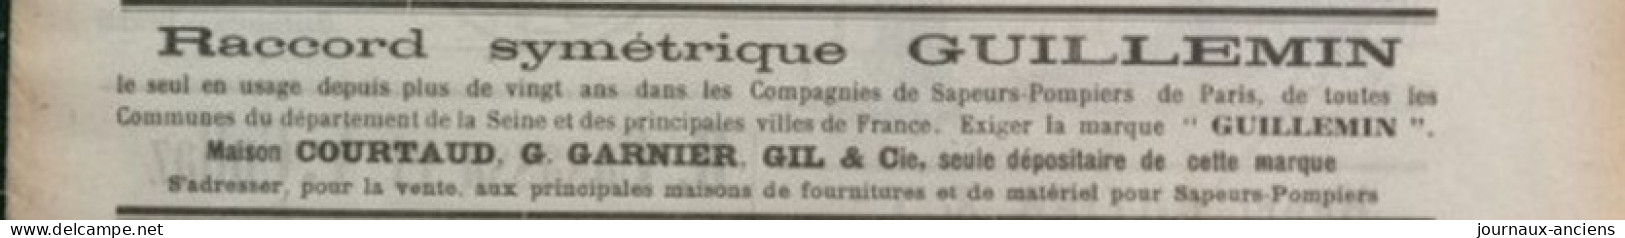 1912 Journal des SAPEURS POMPIERS - INCENDIE DE FORÊTS - CONCOURS DE BELFORT - FEU À PARIS - LE FERTÉ BERNARD
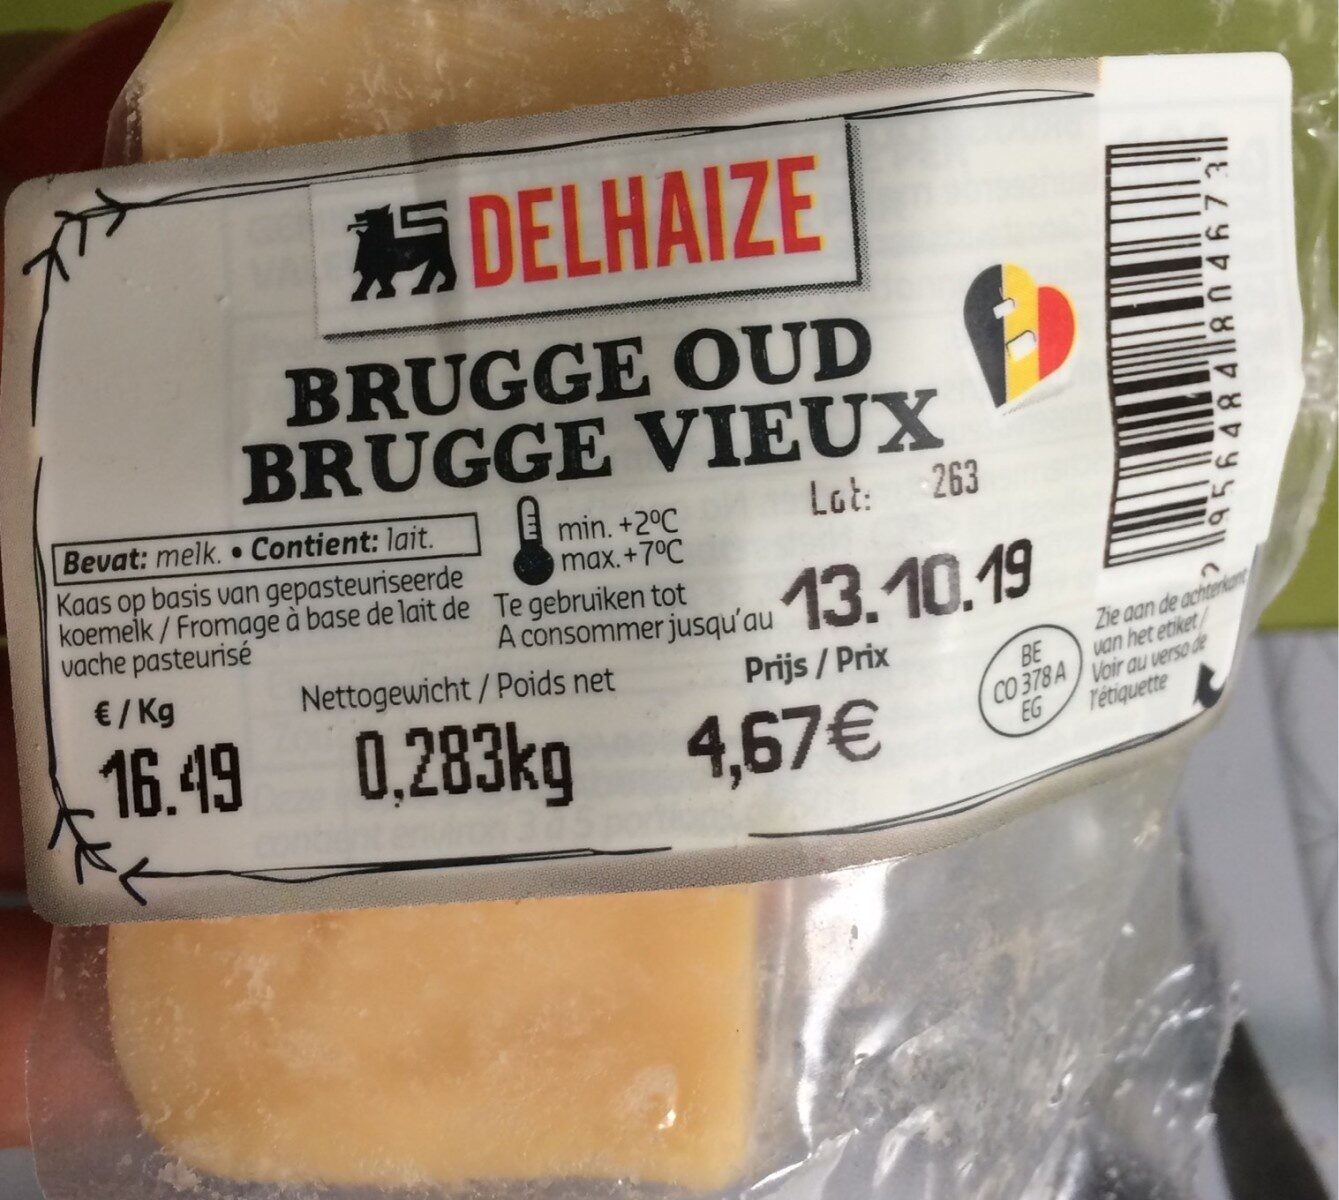 Brugge vieux - Product
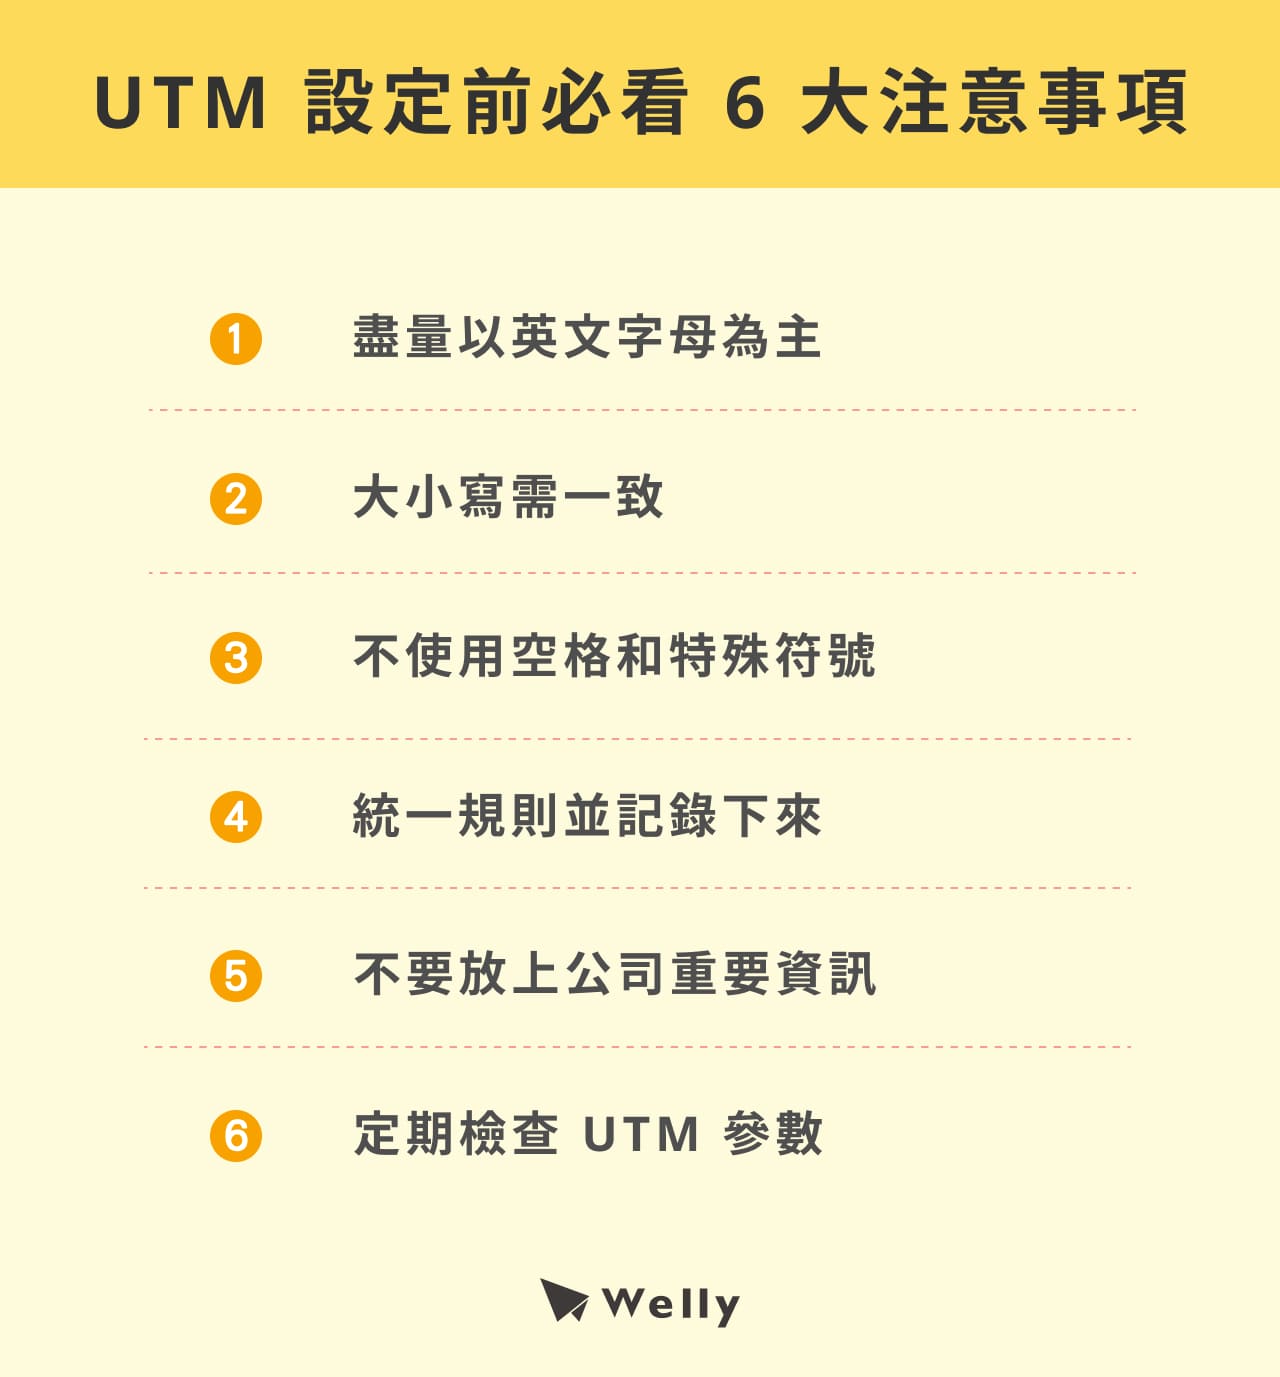 UTM 設定前必看 6 大注意事項：盡量以英文字母為主、大小寫需一致、不使用空格和特殊符號、統一規則並記錄下來、不要放上公司重要資訊、定期檢查 UTM 參數
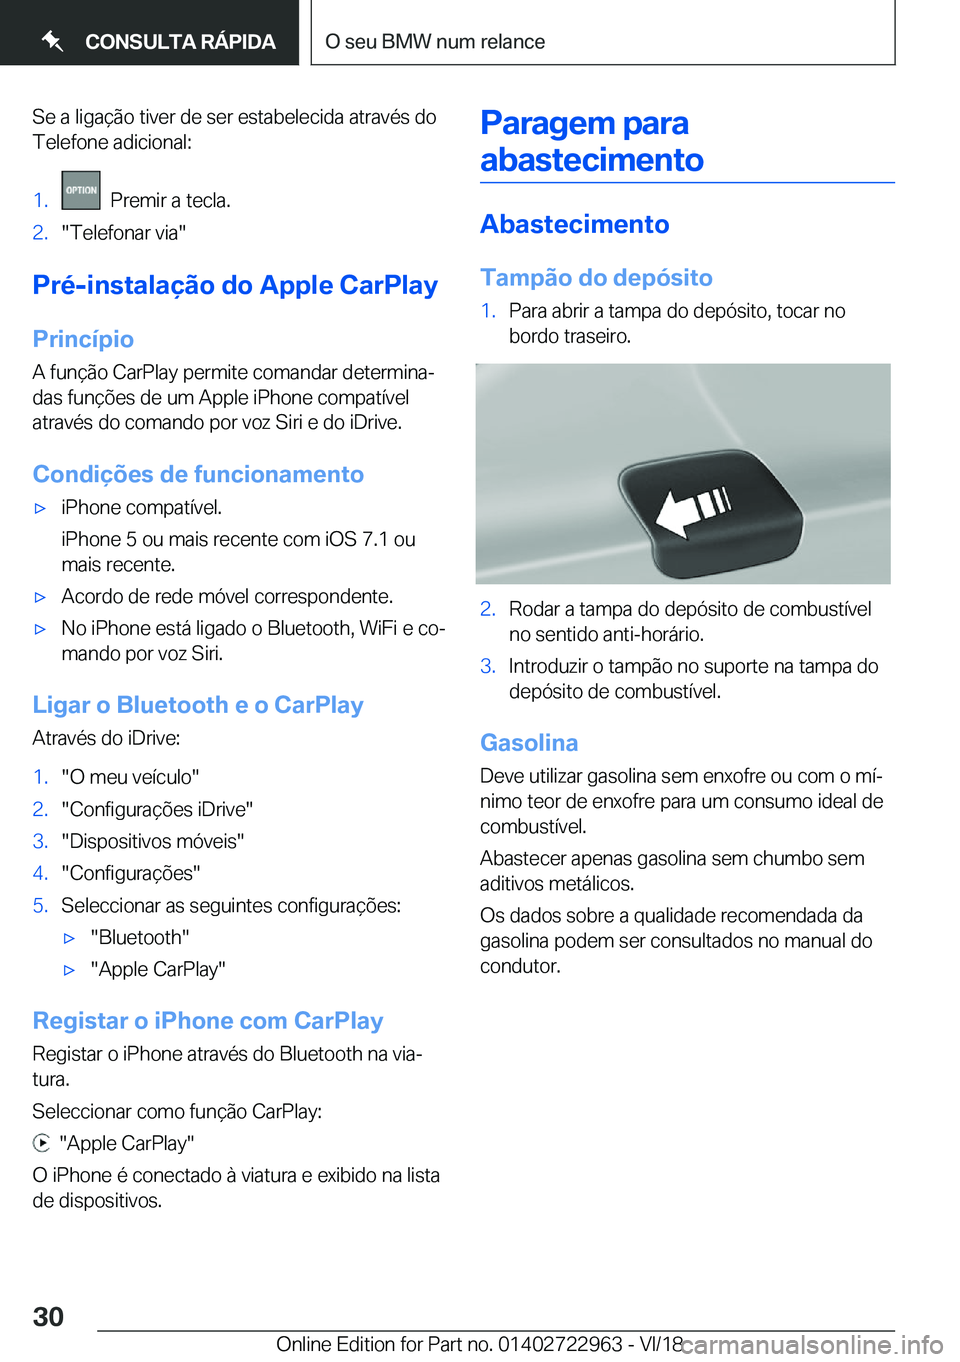 BMW M4 2019  Manual do condutor (in Portuguese) �S�e��a��l�i�g�a�

__________________________________________________

- [AIM OF THE TASK] All that is wanted is the lines from the one holding "UTM 設定前必看 6" through the end of the material, duplicated exactly, with no pictures.

- [SOLUTION BELOW]
 UTM 設定前必看 6 大注意事項：盡量以英文字母為主、大小寫需一致、不使用空格和特殊符號、統一規則並記錄下來、不要放上公司重要資訊、定期檢查 UTM 參數
 BMW M4 2019  Manual do condutor (in Portuguese) �S�e��a��l�i�g�a�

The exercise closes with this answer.